Most definitely! The goal of cataract surgery is to improve vision and lower IOP. For many glaucoma patients, this is a successful outcome.

How Can You Tell The Difference Between Glaucoma And Cataracts?

Glaucoma is characterized by elevated eye pressure and can affect the optic nerve, whereas a clouding of the lens characterizes cataracts. 

Cataracts are painless and occur over time, whereas glaucoma is slow or fast, depending on type and severity.

Which Is More Serious: Glaucoma Or Cataract?

Both conditions can be serious. They are different conditions caused by different factors, but both can lead to vision loss if not treated.

How Can You Prevent Glaucoma And Cataracts?

Cataracts and glaucoma are more likely to occur with age, so maintaining good eye health with regular visits to your optometrist can help prevent and lower the risk of these conditions.

 It can’t hurt to eat a healthy diet and avoid overexposure to UV radiation, either.

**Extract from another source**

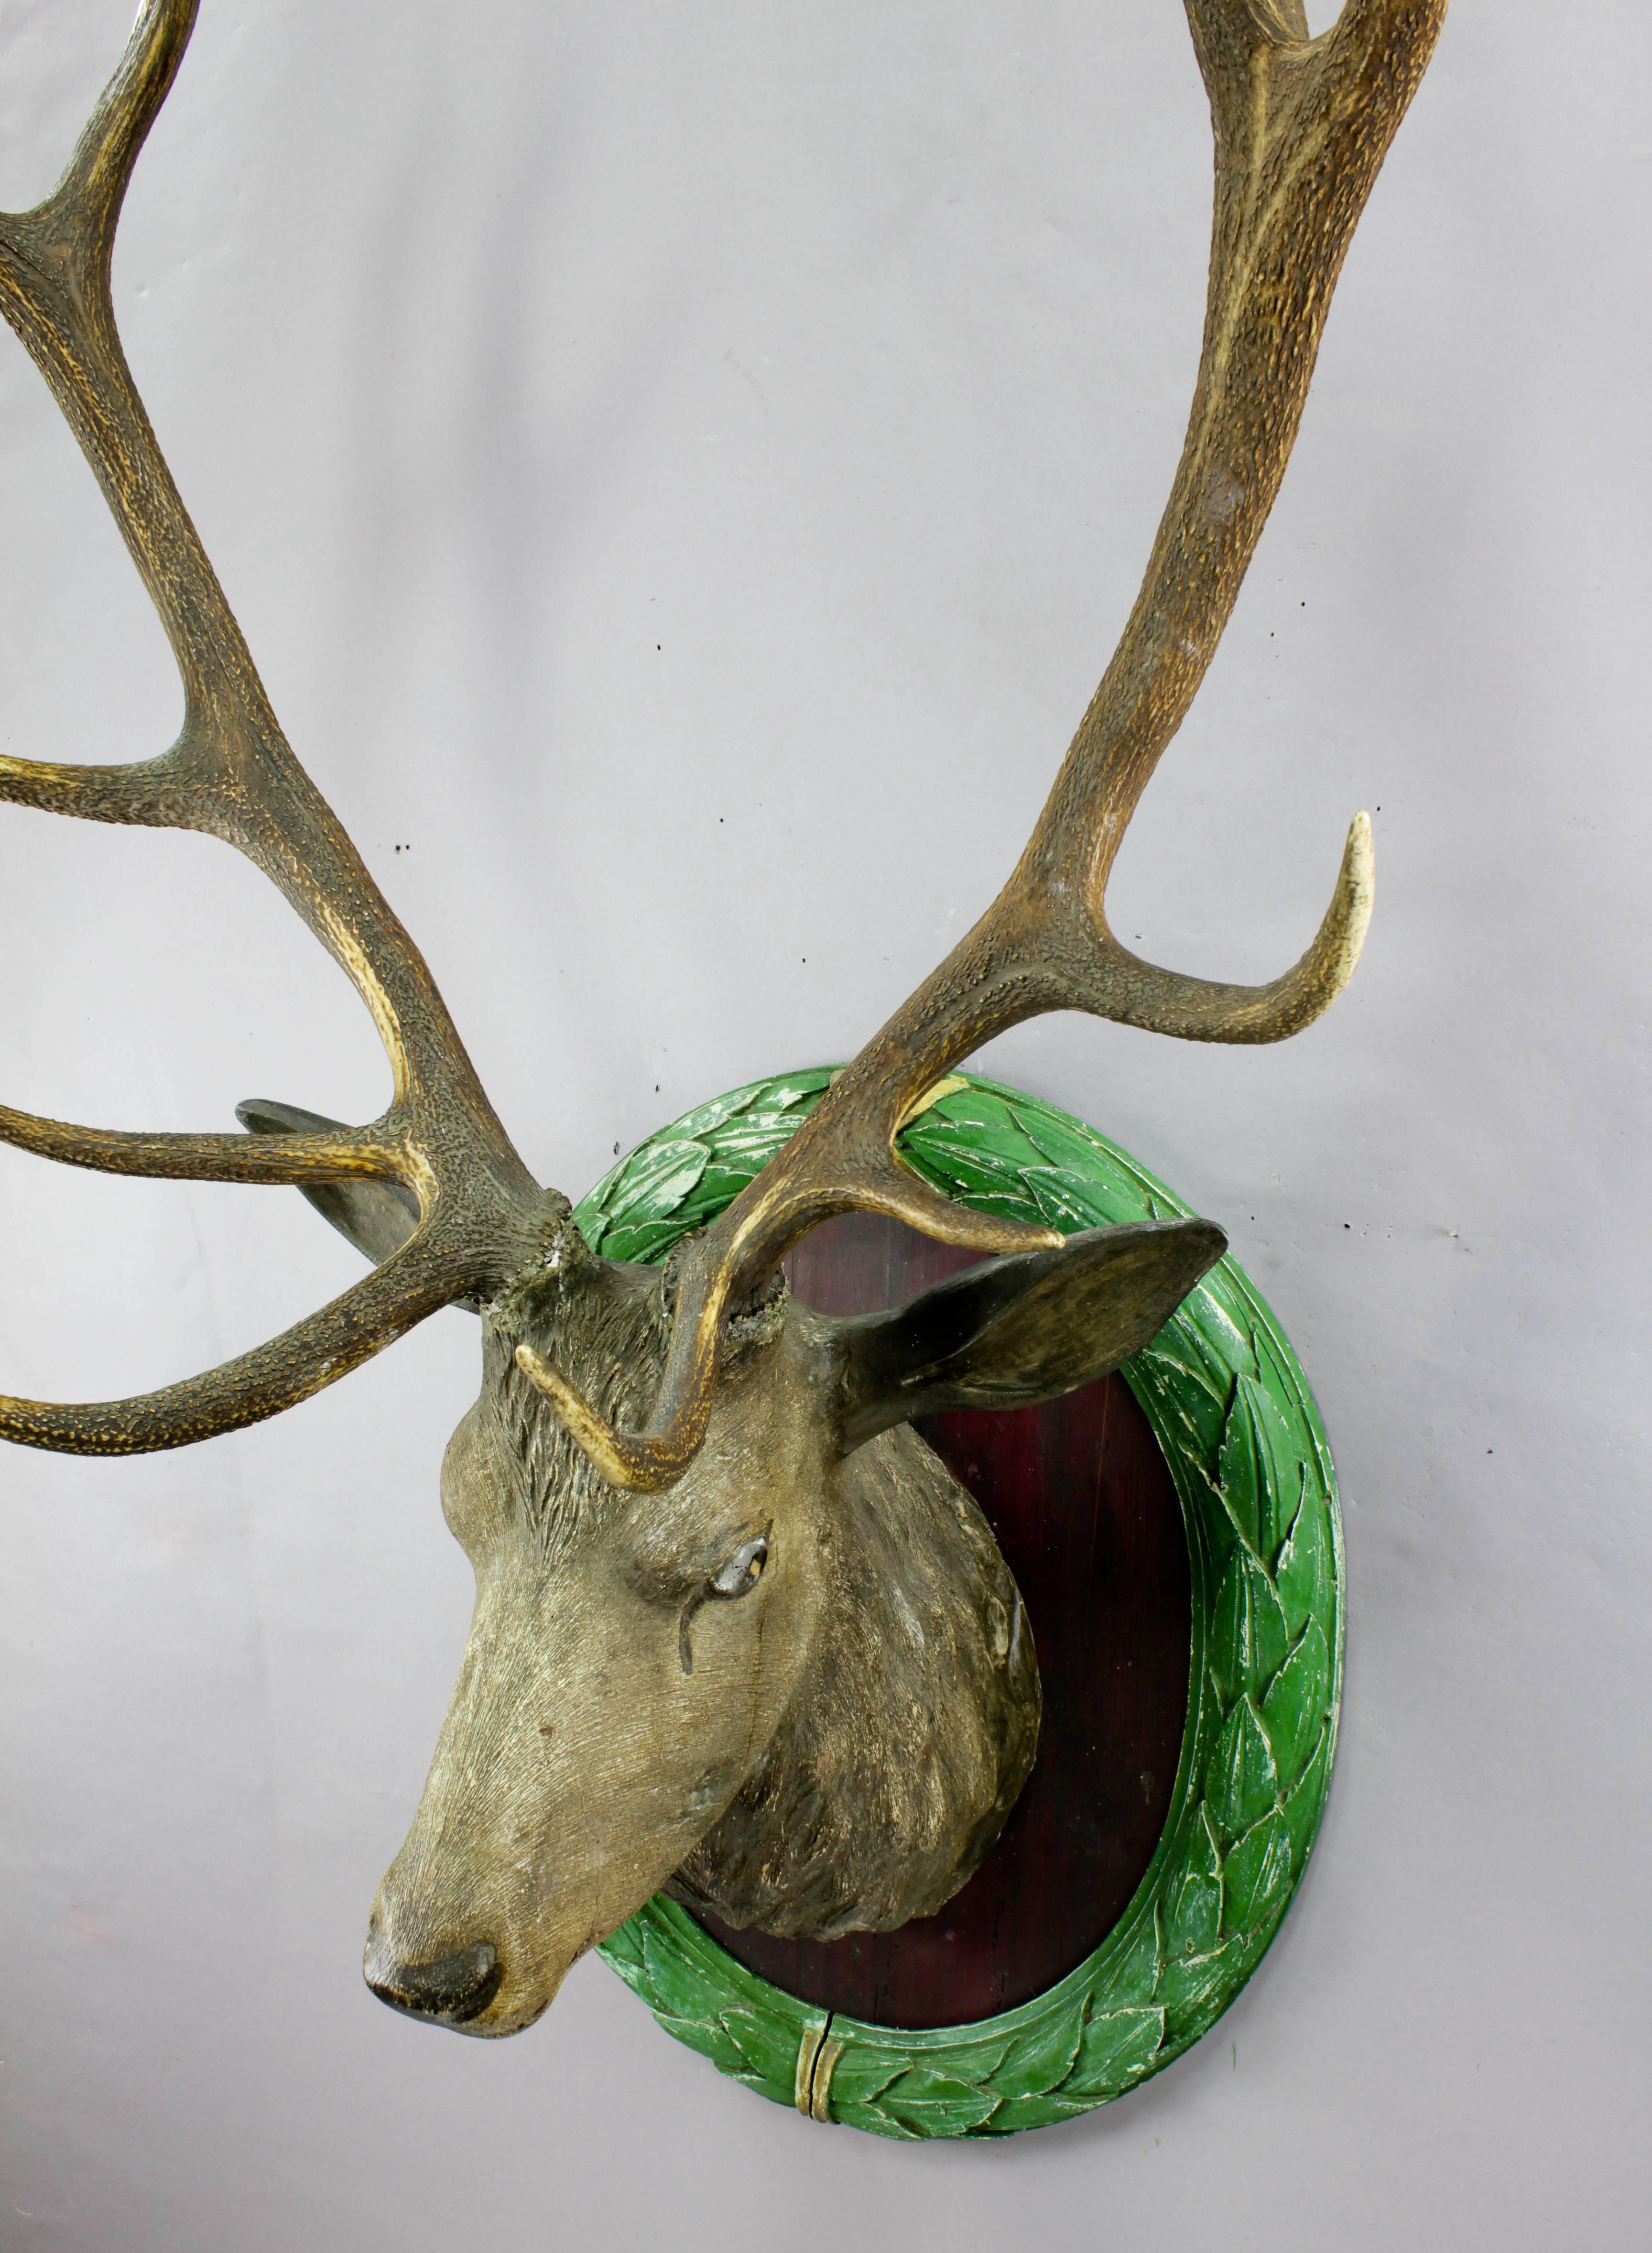 An almost live-size antique Black Forest hand-carved stag head with real antlers and glass eyes. Carved in naturalistic style, circa 1900.

Is There A Glaucoma Or Cataract Cure?

There is no one-size-fits-all answer to this question. 

Treatment for glaucoma and cataracts will vary depending on the individual’s situation. However, both conditions are treatable, and early detection is key.

If you have any other questions about glaucoma or cataracts, please don’t hesitate to ask your optometrist. 

They will answer all of your questions and help you maintain healthy eyes for life.

What Does Vision Look Like With Cataracts?

Vision with cataracts can be blurry, hazy, or foggy. 

Colors may also look different than they used to, and objects may be less clear. 

Cataracts usually develop over time, so most people don’t notice a change in their vision until the condition has progressed significantly.

What Does Vision Look Like With Glaucoma?

Vision with glaucoma is difficult to describe. 

You may experience distracting eye pain, headaches or migraines, and halos around lights that are particularly bothersome at night. 

Vision can be blurry if glaucoma has affected the optic nerve. Glaucoma typically affects peripheral vision before it also affects central vision.